The sequential stages of HSV entry are analogous to those of other viruses. At first, complementary receptors on the virus and the cell surface bring the viral and cell membranes into proximity. Interactions of these molecules then form a stable entry pore through which the viral envelope contents are introduced to the host cell. The virus can also be endocytosed after binding to the receptors, and the fusion could occur at the endosome. In electron micrographs, the outer leaflets of the viral and cellular lipid bilayers have been seen merged; this hemifusion may be on the usual path to entry or it may usually be an arrested state more likely to be captured than a transient entry mechanism.

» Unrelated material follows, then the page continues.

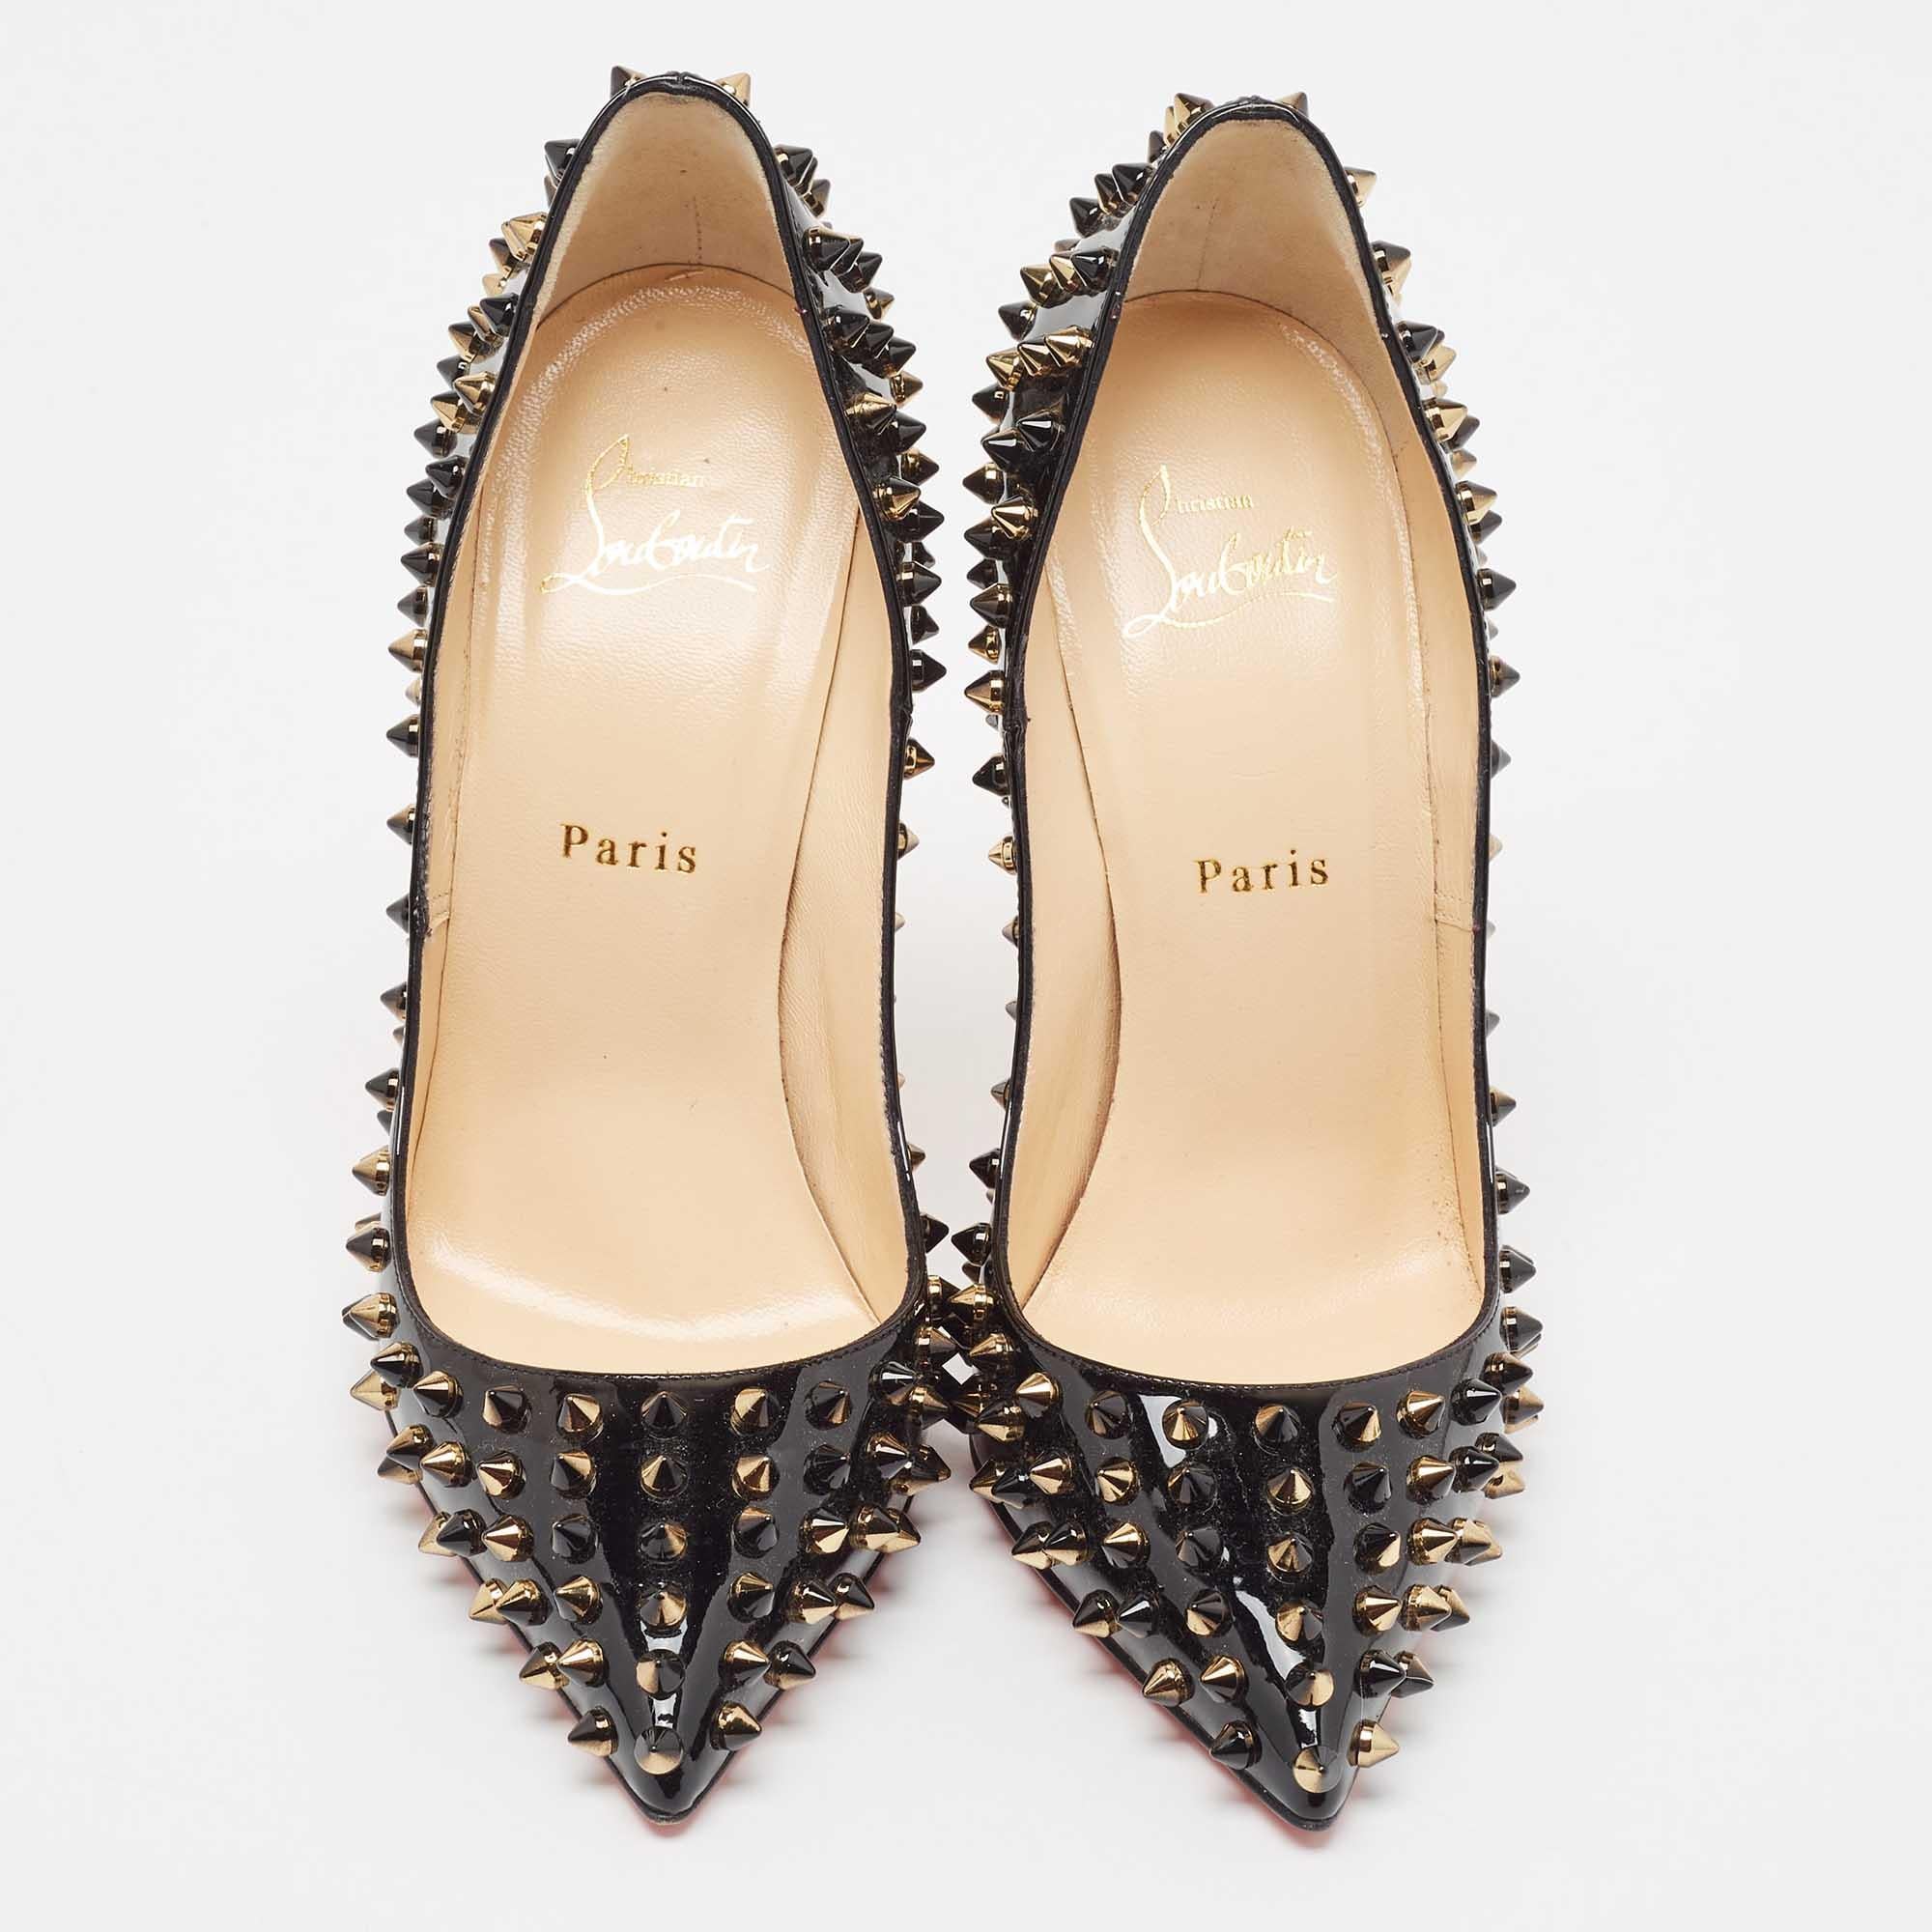 Christian Louboutin Black/Gold Patent Leather Pigalle Spikes Pumps Size 38.5 In Good Condition For Sale In Dubai, Al Qouz 2
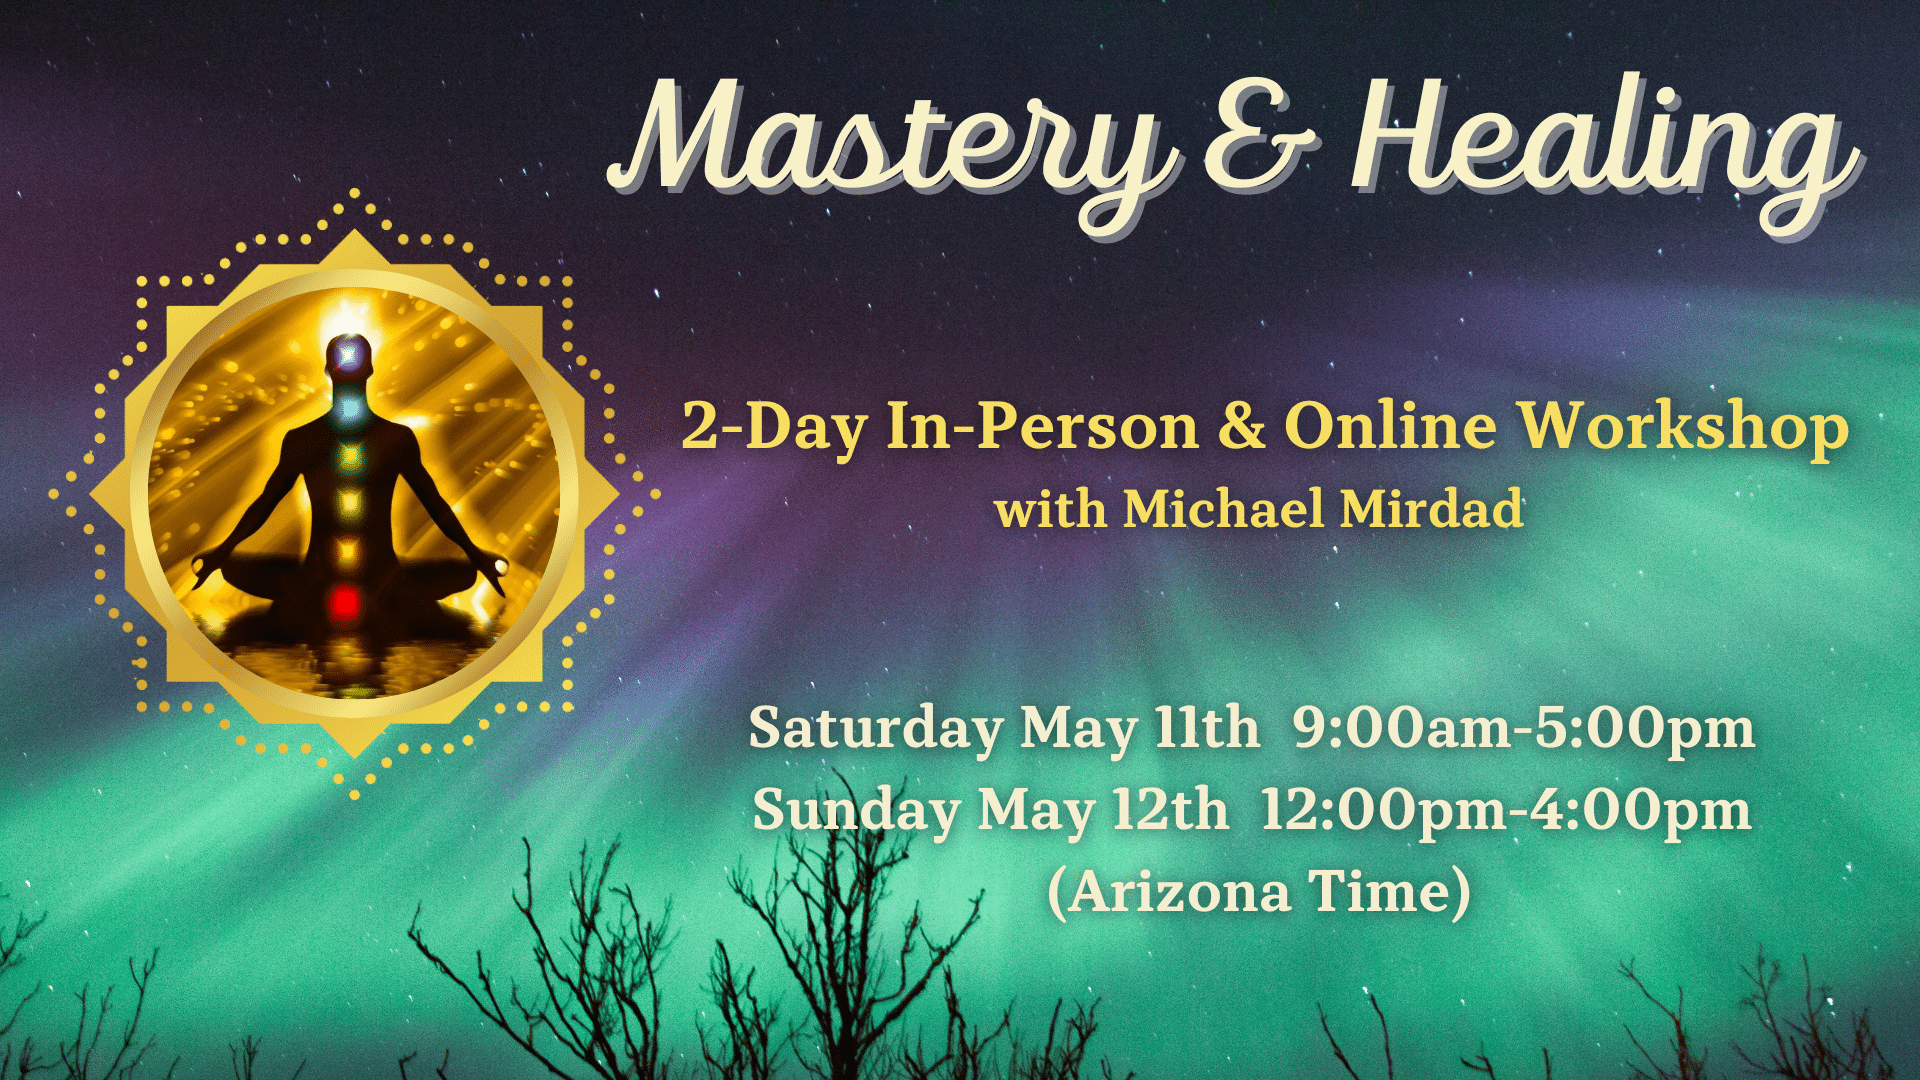 Promotional banner for "mastery & healing" workshop featuring a meditating figure in a lotus pose within a golden emblem, against a starry night sky backdrop, with 2024 event details

In the case of a herpes virus, initial interactions occur when two viral envelope glycoprotein called glycoprotein C (gC) and glycoprotein B (gB)  bind to a cell surface polysaccharide called heparan sulfate. Next, the major receptor binding protein, glycoprotein D (gD), binds specifically to at least one of three known entry receptors. These cell receptors include herpesvirus entry mediator (HVEM), nectin-1 and 3-O sulfated heparan sulfate. The nectin receptors usually produce cell-cell adhesion, to provide a strong point of attachment for the virus to the host cell. These interactions bring the membrane surfaces into mutual proximity and allow for other glycoproteins embedded in the viral envelope to interact with other cell surface molecules. Once bound to the HVEM, gD changes its conformation and interacts with viral glycoproteins H (gH) and L (gL), which form a complex. The interaction of these membrane proteins may result in a hemifusion state. gB interaction with the gH/gL complex creates an entry pore for the viral capsid. gB interacts with glycosaminoglycans on the surface of the host cell.

Genetic Inoculation
After the viral capsid enters the cellular cytoplasm, it starts to express viral protein ICP27. ICP27 is a regulator protein that causes disruption in host protein synthesis and utilizes it for viral replication. ICP27 binds with a cellular enzyme Serine-Arginine Protein Kinase 1, SRPK1. Formation of this complex causes the SRPK1 shift from the cytoplasm to the nucleus, and the viral genome gets transported to the cell nucleus.  Once attached to the nucleus at a nuclear entry pore, the capsid ejects its DNA contents via the capsid portal. The capsid portal is formed by 12 copies of portal protein, UL6, arranged as a ring; the proteins contain a leucine zipper sequence of amino acids, which allow them to adhere to each other. Each icosahedral capsid contains a single portal, located in one vertex.
The DNA exits the capsid in a single linear segment.

Immune Evasion
HSV evades the immune system through interference with MHC class I antigen presentation on the cell surface, by blocking the transporter associated with antigen processing (TAP) induced by the secretion of ICP-47 by HSV. In the host cell, TAP transports digested viral antigen epitope peptides from the cytosol to the endoplasmic reticulum, allowing these epitopes to be combined with MHC class I molecules and presented on the surface of the cell. Viral epitope presentation with MHC class I is a requirement for activation of cytotoxic T-lymphocytes (CTLs), the major effectors of the cell-mediated immune response against virally-infected cells. ICP-47 prevents initiation of a CTL-response against HSV, allowing the virus to survive for a protracted period in the host. HSV usually produces cytopathic effect (CPE) within 24–72 hours post-infection in permissive cell lines which is observed by classical plaque formation. However, HSV-1 clinical isolates have also been reported that did not show any CPE in Vero and A549 cell cultures over several passages with low level of virus protein expression. Probably these HSV-1 isolates are evolving towards a more "cryptic" form to establish chronic infection thereby unravelling yet another strategy to evade the host immune system, besides neuronal latency.

Replication

Following infection of a cell, a cascade of herpes virus proteins, called immediate-early, early, and late, is produced. Research using flow cytometry on another member of the herpes virus family, Kaposi's sarcoma-associated herpesvirus, indicates the possibility of an additional lytic stage, delayed-late. These stages of lytic infection, particularly late lytic, are distinct from the latency stage. In the case of HSV-1, no protein products are detected during latency, whereas they are detected during the lytic cycle.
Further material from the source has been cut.